The Wolseley deal, which Cinven secured for £135.5m (E239m) in April, will be the fourth time Rubicon Partners will lead the management team in a Cinven investee company.
The third time around, Rubicon delivered a 30% internal rate of return for Cinven, after it restored to health and found buyers for the 30 of the 33 companies that made up Vector Industries.
Cinven will be looking for a similar or better return from its Wolseley investment. Guy Davison, a director at the private equity house, expects Cinven to exit from the deal within three years.
“Wolseley is a very disparate group of businesses,” he remarks with some understatement. The businesses acquired form Wolseley comprise the agricultural, cable management, industrial, motor and photographic businesses in the conglomerate's manufacturing division.

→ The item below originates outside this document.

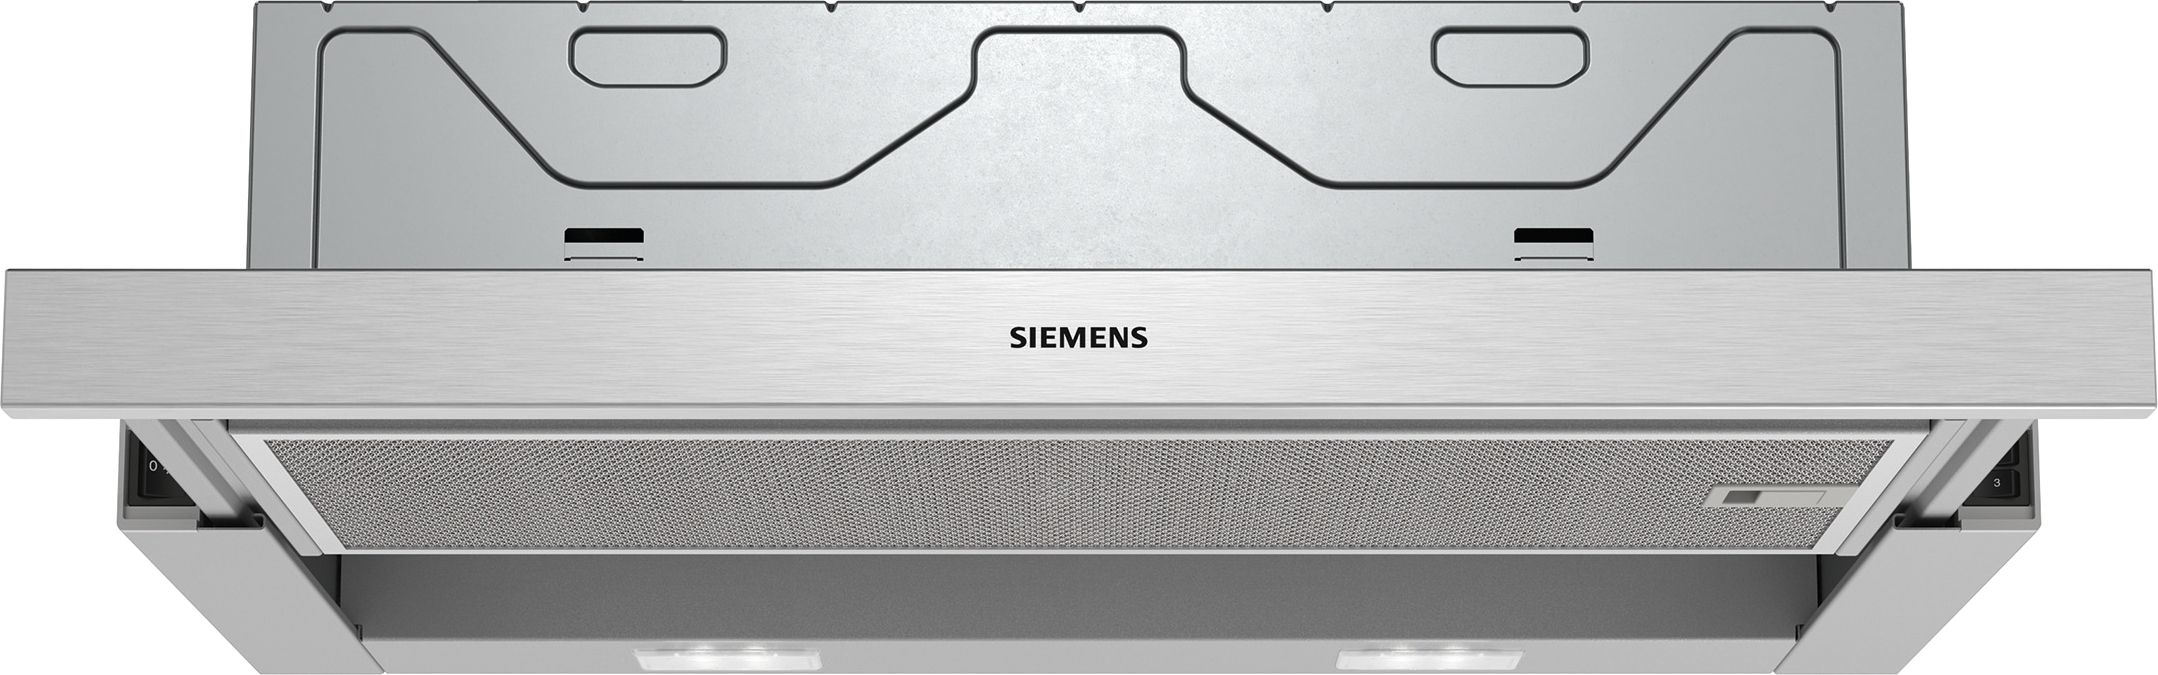 Siemens LI64MB521

“What we will do is sell a fair number of businesses, concentrate on a number of those left and build them up in due course. Whatever happens Wolseley will not be what it is at the moment, which is a whole host of different bits and pieces.”
Mr Davison believes there are similar opportunities still up for grabs in the “unloved” manufacturing, engineering and distribution sectors.
He reckons there are plenty of stable businesses out there with strong cashflows and, in certain circumstances, very strong positions, which he says for private equity investors “is quite an attractive proposition.”
Mr Davison says while competition for investments is strong in the larger European buy-out market, it is probably not as a fierce as elsewhere.
He says vendors want to be sure there is a first-class management ready to carry on the business. The strong track record of Rubicon Partners gives Cinven an edge over the competition in cutting a deal like Wolseley.
“To buy such a group of disparate businesses, you have to have a very clear management solution to this.”
“Many people might wish to buy a business like Wolseley, but because there isn't a management solution, they shy way.”